The mixture of experts design is what keeps that scale economical. Rather than firing all 1.2 trillion parameters for every query, the model routes each request to the relevant "experts," activating a fraction of the network. That is how a model this large can respond quickly enough for a live assistant without demanding an impossible amount of compute per answer. It also explains why the heaviest tier needs Blackwell class GPUs: even activating a subset of a trillion parameter model is a serious computational load.
For users, the payoff should be an assistant that can actually follow a conversation, reason through multi part requests, and handle the kind of open ended questions that made older Siri fall back on a web search. Whether Apple's routing correctly identifies which questions deserve that firepower is the practical test the beta will decide.
Rollout Timeline Across Apple's Operating Systems
Siri AI is set to launch in beta as part of iOS 27, iPadOS 27, macOS 27, watchOS 27, visionOS 27, and tvOS 27 later in 2026. A full rollout is expected around the September iPhone launch, the annual event where Apple's new hardware and its flagship software features usually arrive together. That timing puts Siri AI in front of the widest possible audience right as new iPhones ship.
Two markets are conspicuously absent at launch: the European Union and China, both held back by regulatory constraints.
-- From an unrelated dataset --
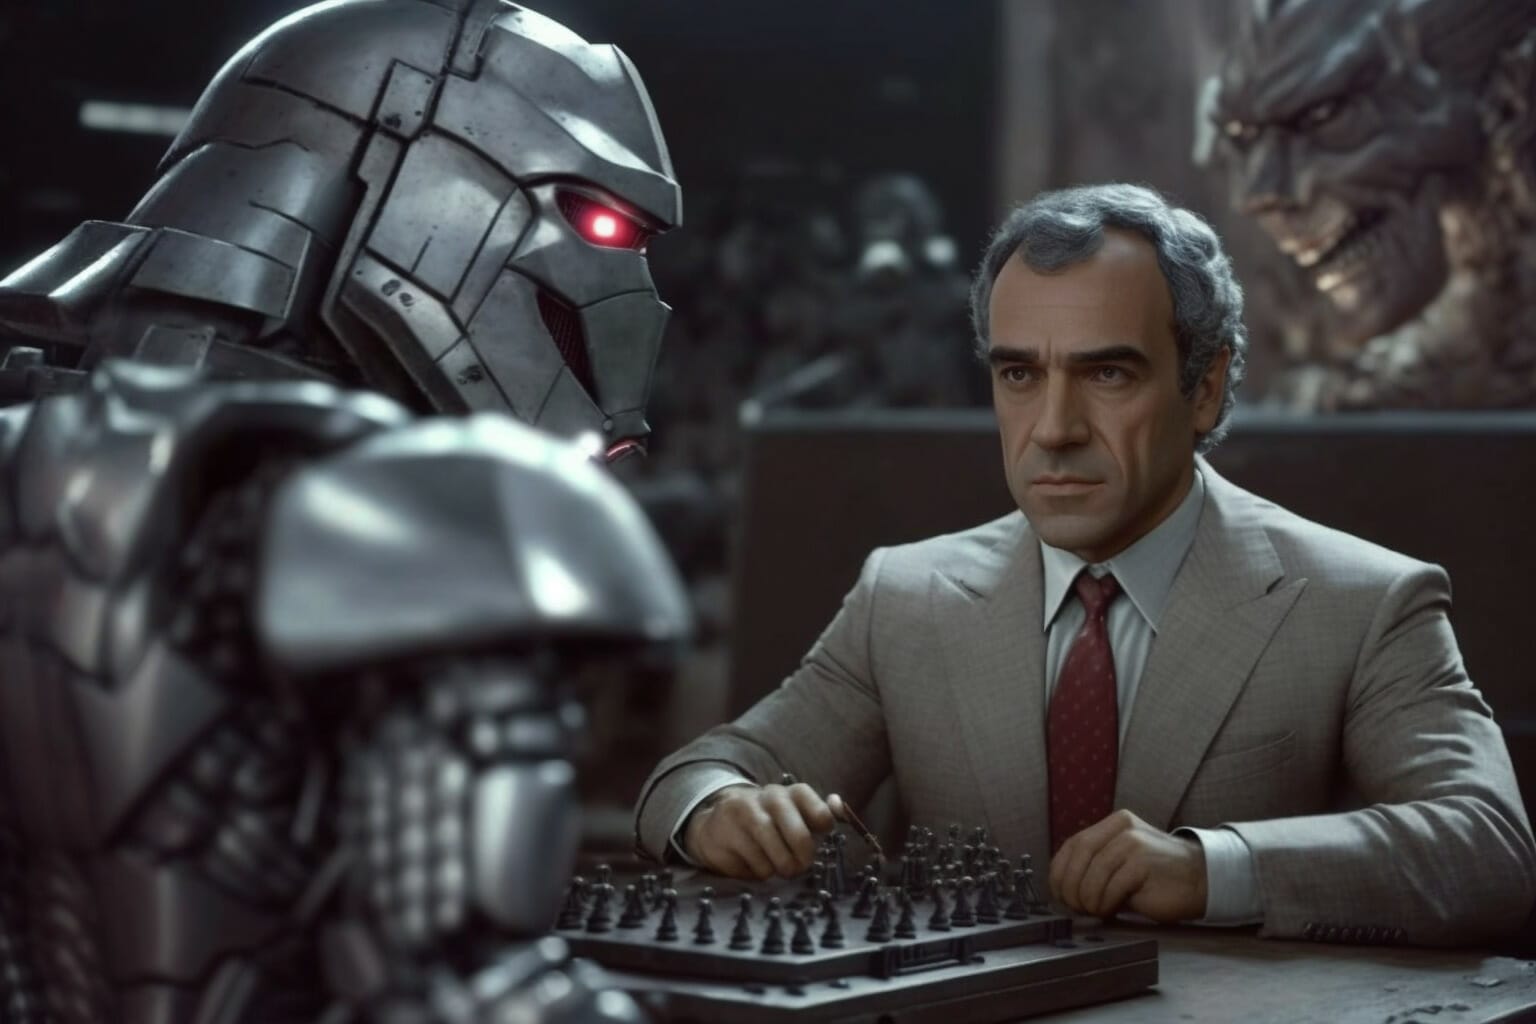 When did Garry Kasparov retire from chess? - Quora

In the EU, the Digital Markets Act and data governance rules complicate a system that routes user queries to a third party cloud, even an encrypted one. China brings its own set of data localization and approval hurdles. For hundreds of millions of users in those regions, the rebuilt assistant will not arrive on the first wave, a gap that undercuts the "everywhere, for everyone" framing Apple prefers.
Tim Cook has since held what late June and early July 2026 reporting described as "constructive" talks with EU regulators over the Siri AI launch, a sign Apple is working to shorten that exclusion rather than accept it. The outcome of those conversations will determine how quickly the European gap closes.
Cook's Final Keynote as Chief Executive
WWDC 2026 carried a second headline beyond the assistant. It marked Tim Cook's final keynote as Apple CEO before he transitions to executive chairman on September 1, 2026. That Cook chose to close out his run as chief executive by unveiling an assistant whose smartest answers come from Google's model and Nvidia's chips is a fitting bookend for a tenure defined as much by supply chains and partnerships as by invention.
The strategic bet embedded here is that owning the experience matters more than owning every layer beneath it. Apple designs the routing, the privacy framework, the on device tier, and the user facing product. It licenses the frontier model and rents the GPUs. If confidential compute holds up and users cannot tell the difference between an answer from Cupertino and one from a Google data center, Apple gets a frontier assistant without a frontier lab, and the dependency stays invisible.
Stakes for Apple's Next Chapter
The risk is the mirror image. Apple has tied a core, brand defining feature to a competitor's model and a third party's hardware, at a reported cost near $1 billion a year, and any stumble in that pipeline, technical, contractual, or regulatory, now touches the iPhone's headline assistant. The Apple Siri Nvidia Blackwell deal is a wager that renting the hardest part of intelligence is smarter than building it. The beta later this year, and the incoming CEO who inherits the arrangement, will start settling whether that wager pays off.